John Knox was a prominent crusader for Christ in the Protestant Reformation in Scotland, and has profoundly shaped the principles and practices of Christian worship drawn from the word of God. On the whole, most contemporary churches today repudiate what Knox stood for, which was unhindered reformation in life and worship. His theological understanding, particularly on the subject of Christian worship and its contrast to idolatry, is an integral part of his Works. This is rooted in his unwavering adherence to the fundamental truths of the Christian faith, the authority of Scripture, and his repudiation of what he regarded as idolatrous practices in the Roman Catholic Church.

In ‘The First Blast of the Trumpet’ (1558), Knox expounds his views on idolatry, rebuking it as a reprehensible violation of Christian worship. “But in vain they do worship me, teaching for idoctrines the commandments of men.” (Matt. 15:9). Knox’s understanding of Christian worship was deeply entrenched in his belief in God’s Sovereignty, the supremacy of Scripture, and the need for simplicity in worship practices. ‘The Forme of Prayers and Ministration of the Sacraments, &c. used in the English Congregation at Geneva,’ often referred to as the ‘Book of Common Order’ (1564), demonstrates his commitment to this simplicity in worship. In Knox’s view, worship is a community activity involving prayers, preaching, and singing Psalms, with the focal point being the glorification of God alone (Knox, 1564). “Sing unto him, sing psalms unto him: Talk ye of all his wondrous works,” (Psalm 105:2).
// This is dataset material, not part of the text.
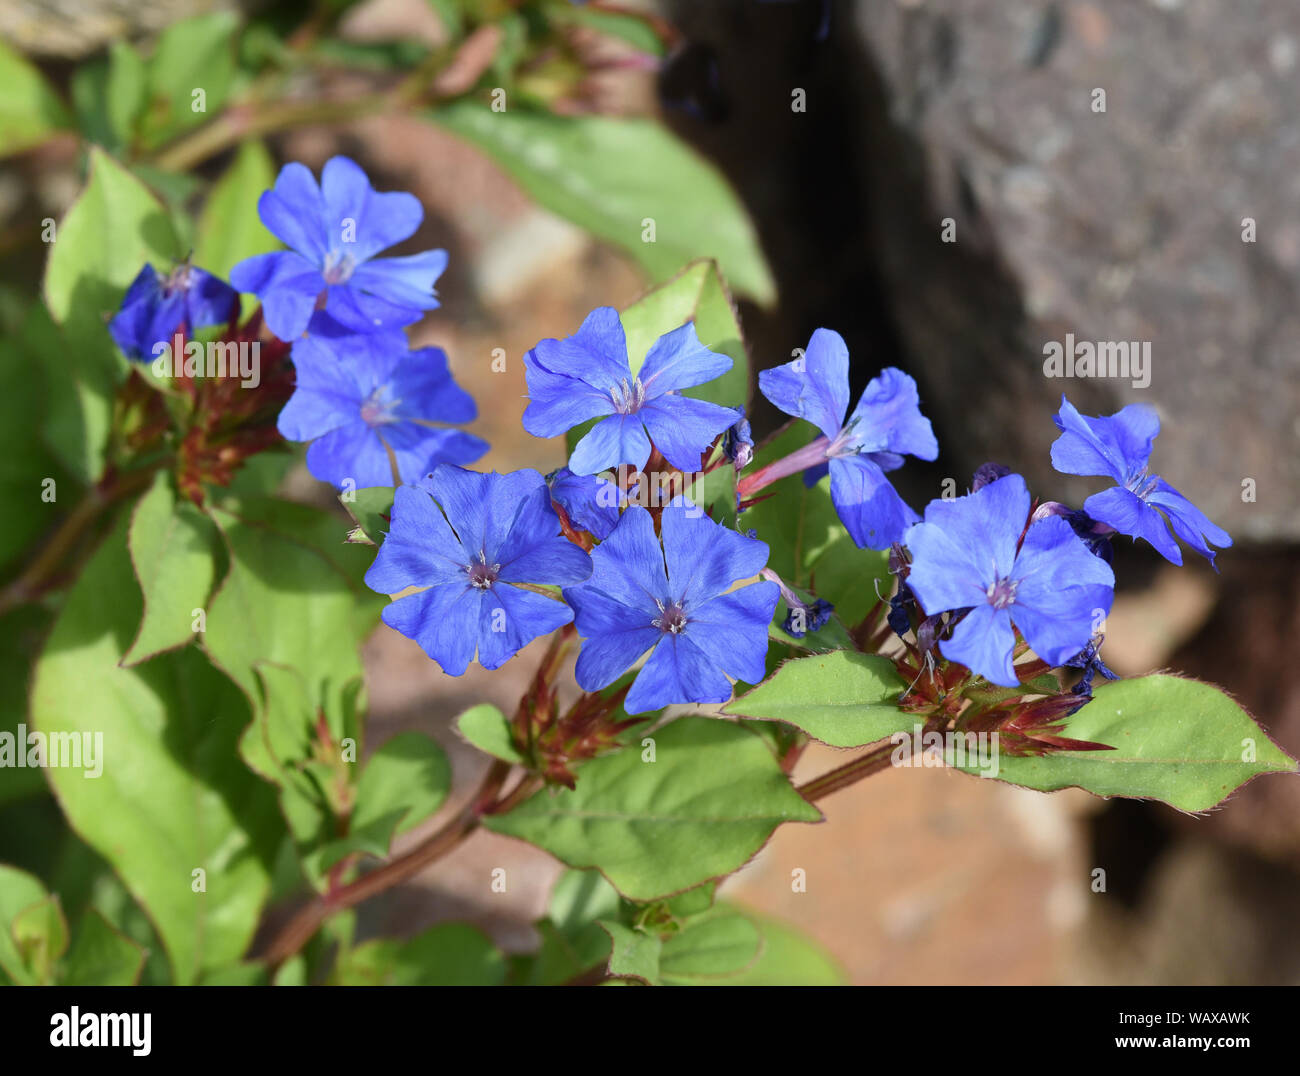 Bleiwurz Wiimottiana, Cerastostigma, ist eine wichtige Heilpflanze und eine Blume mit blauen Blueten. Wiimottiana Leadwort, Cerastostigma, est un important Banque D'Images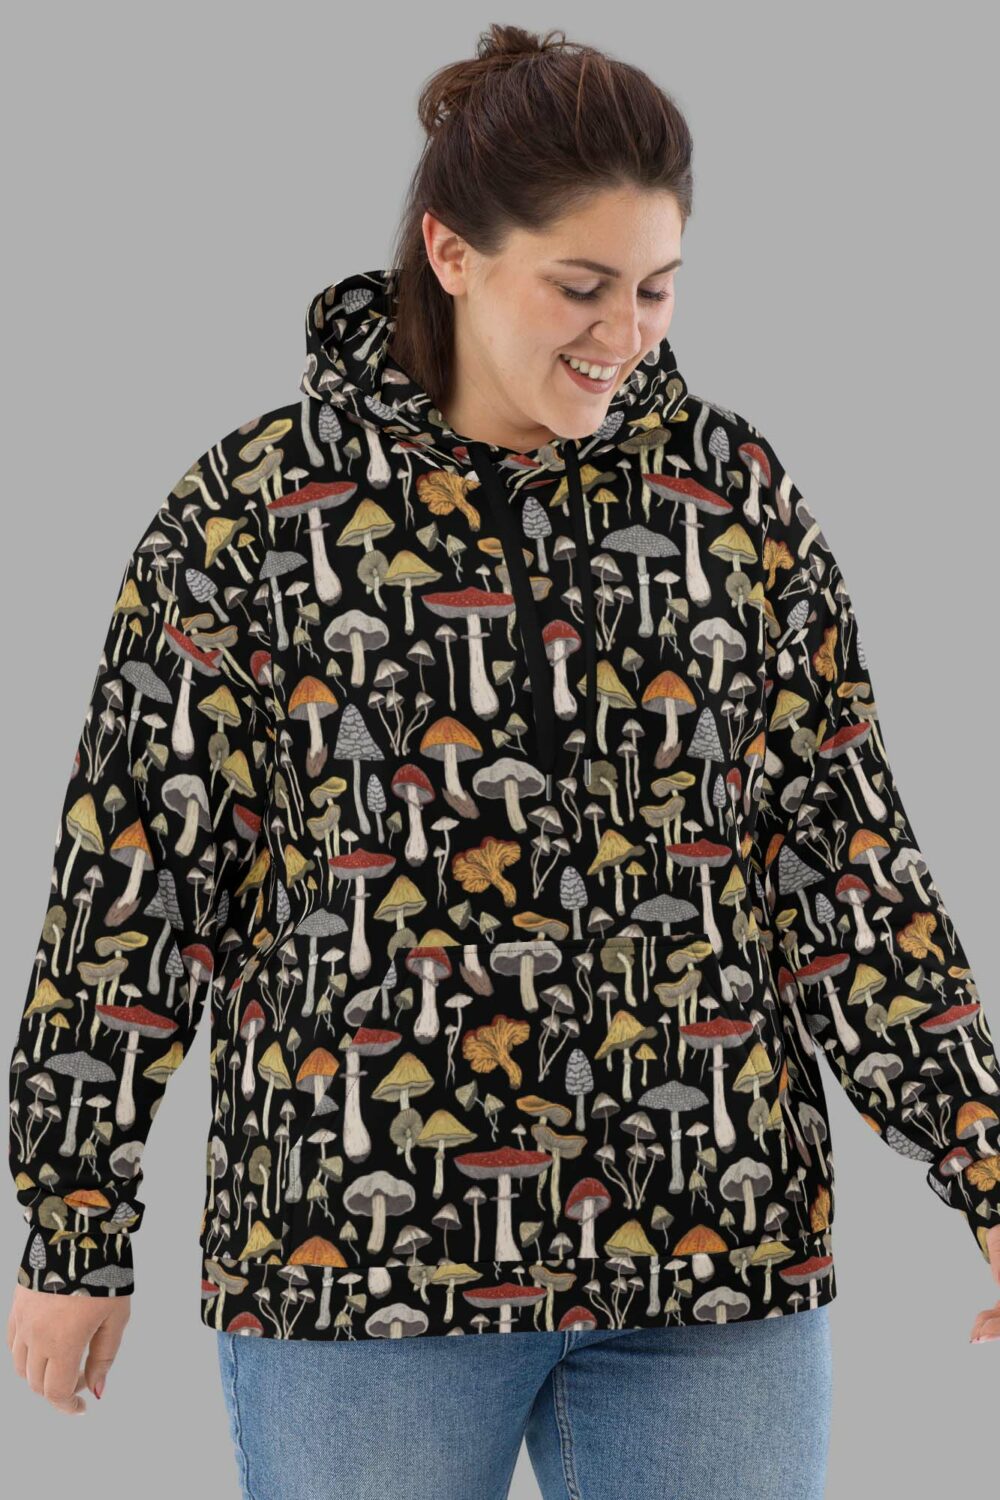 cosmic drifters hoodie front mushroom print

In his ‘History of the Reformation in Scotland’ (1587), Knox expounds on the concept of idolatry within the context of the Second Commandment. He argues that any material representation or veneration directed toward the Divine is tantamount to idolatry (Knox, 1587). This denouncement of anything obscures the essential nature of God and was a crucial pillar of the Scottish Reformation. His perspectives, though contentious in our time, remain relevant for their zealous focus on Biblical supremacy, purity in worship, and a clear repudiation of idolatry, which is often in question today.


  1. Knox, J. (1558). The First Blast of the Trumpet. Geneva: John Crespin.
  2. Knox, J. (1564). The Forme of Prayers and Ministration of the Sacraments, &c. used in the English Congregation at Geneva. Geneva: John Crespin.
  3. Knox, J. (1587). The History of the Reformation in Scotland. Edinburgh: Printed by Robert Walde-grave, printer to the King’s Majestie.